- (a) Any NEWCC which obtains or performs tests on human samples for diagnostic or treatment purposes shall meet the requirements of this section.
- (b) The licensee may only perform POCT that are waived complexity as designated by the federal drug administration (FDA) and known as CLIA-waived laboratory tests, unless the facility is also licensed by the state of New Hampshire as a laboratory under He-P 808.
(c) If CLIA-waived laboratory testing is performed by personnel, the licensee shall:
- (1) Obtain the appropriate CLIA certificate as per 42 CFR Part 493.15; and
- (2) Develop and implement a POCT policy, which educates and provides procedures for the proper handling and use of POCT devices, including the documentation of training and demonstrated competency of all testing personnel.
(d) The licensee shall have current copies of manufacturer’s instructions and package inserts and shall follow all manufacturer’s instructions and recommendations for the use of POCT meters and devices to include, but not limited to:
- (1) Storage requirements for POCT meters and devices, test strips, test cartridges, and test kits;
- (2) Performance of test specimen requirements, testing environment, test procedure, troubleshooting error codes, reporting results; and
- (3) All recommended and required quality control procedures for POCT meters and devices.
- (e) Licensees performing CLIA-waived laboratory testing or specimen collection shall be in compliance with He-P 808, He-P 817, and 42 CFR 493, as applicable.
(f) The licensee shall implement and maintain a laboratory service procedure manual that shall:
- (1) Be readily accessible at all times to testing personnel; and
(2) Contain:
- a. The written procedure for each test performed in the laboratory;
- b. A copy of the package insert for each test performed;
- c. The laboratory’s procedure for test requisition and specimen collection;
- d. The specimen handling and follow-up procedure for all patient samples that are referred to another laboratory for testing;
- e. The phlebotomy procedure;
- f. Job descriptions for the testing personnel and specimen collection personnel; and
- g. Documentation that the medical director has approved all procedures.

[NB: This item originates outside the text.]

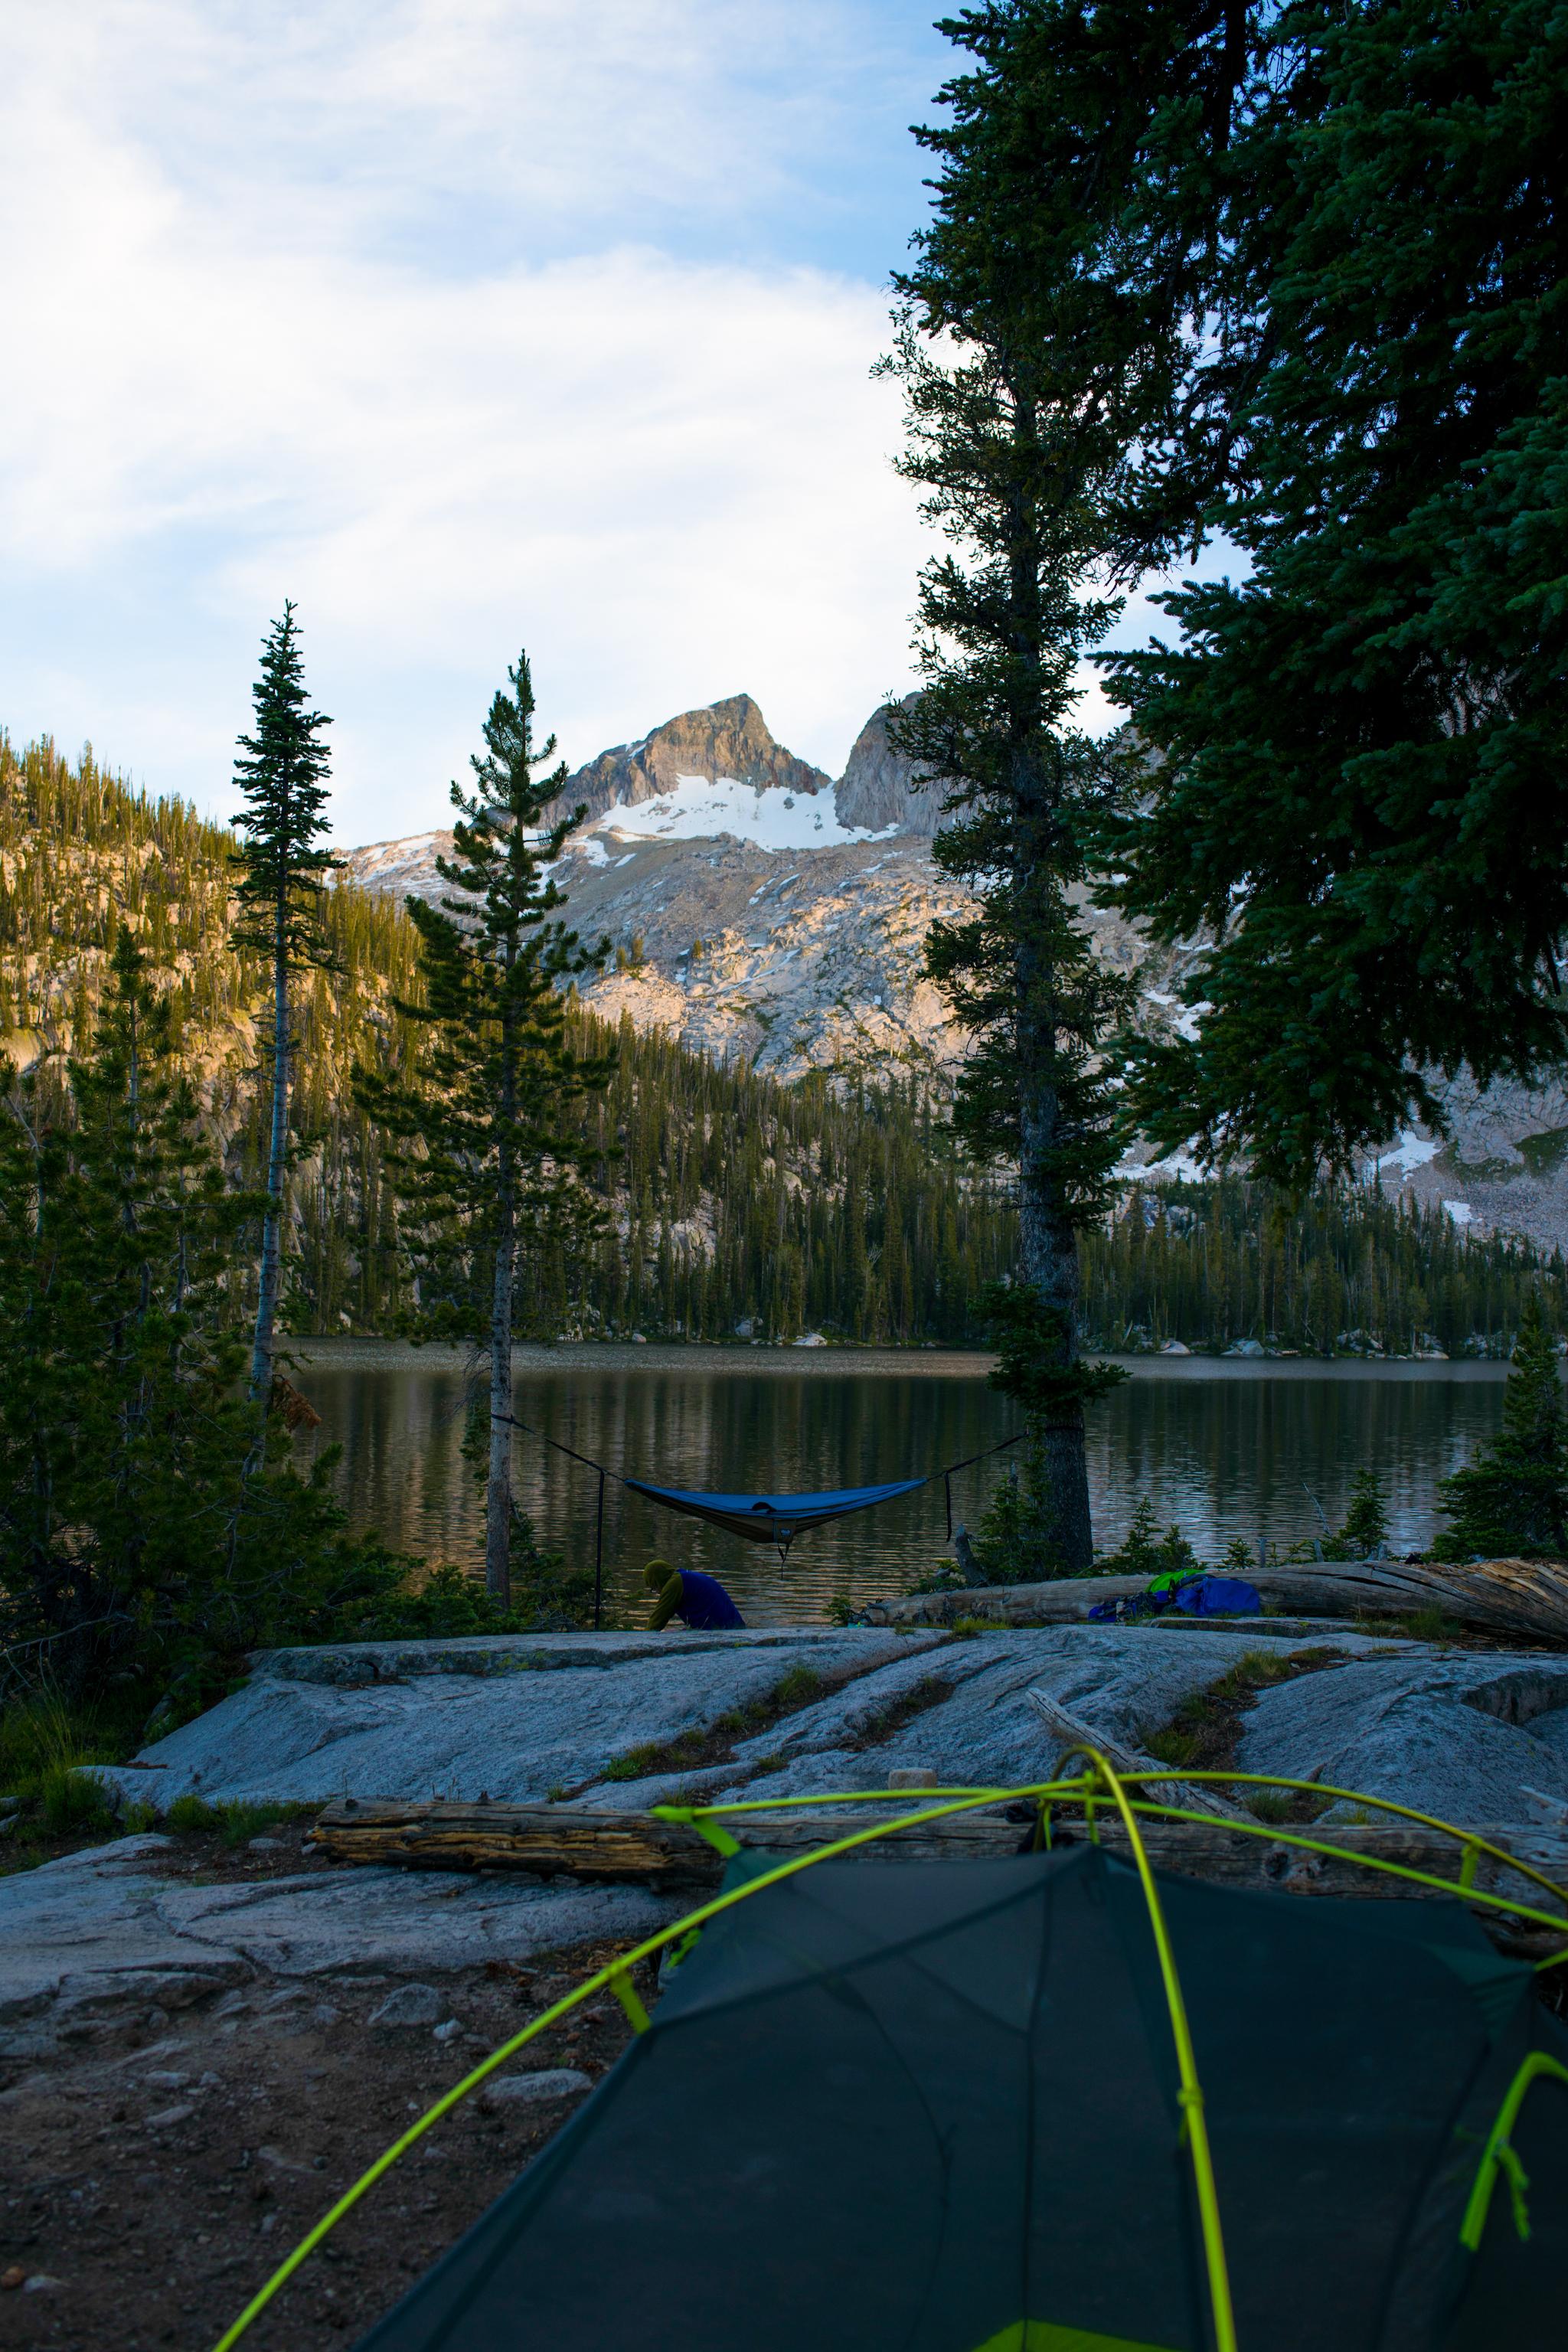 Our dreamy campsite

- (g) Unless the facility holds a separate, He-P 808 license for the laboratory, the medical director required by He-P 806.16(e) shall be the director for all laboratory testing.
- (h) All patient test requisitions, reports, and records shall be completed and maintained in accordance with 42 CFR 493.
- (i) All patient test requisitions, reports, and records shall be safeguarded against loss, damage, tampering, and unauthorized access and maintained for a minimum of 4 years.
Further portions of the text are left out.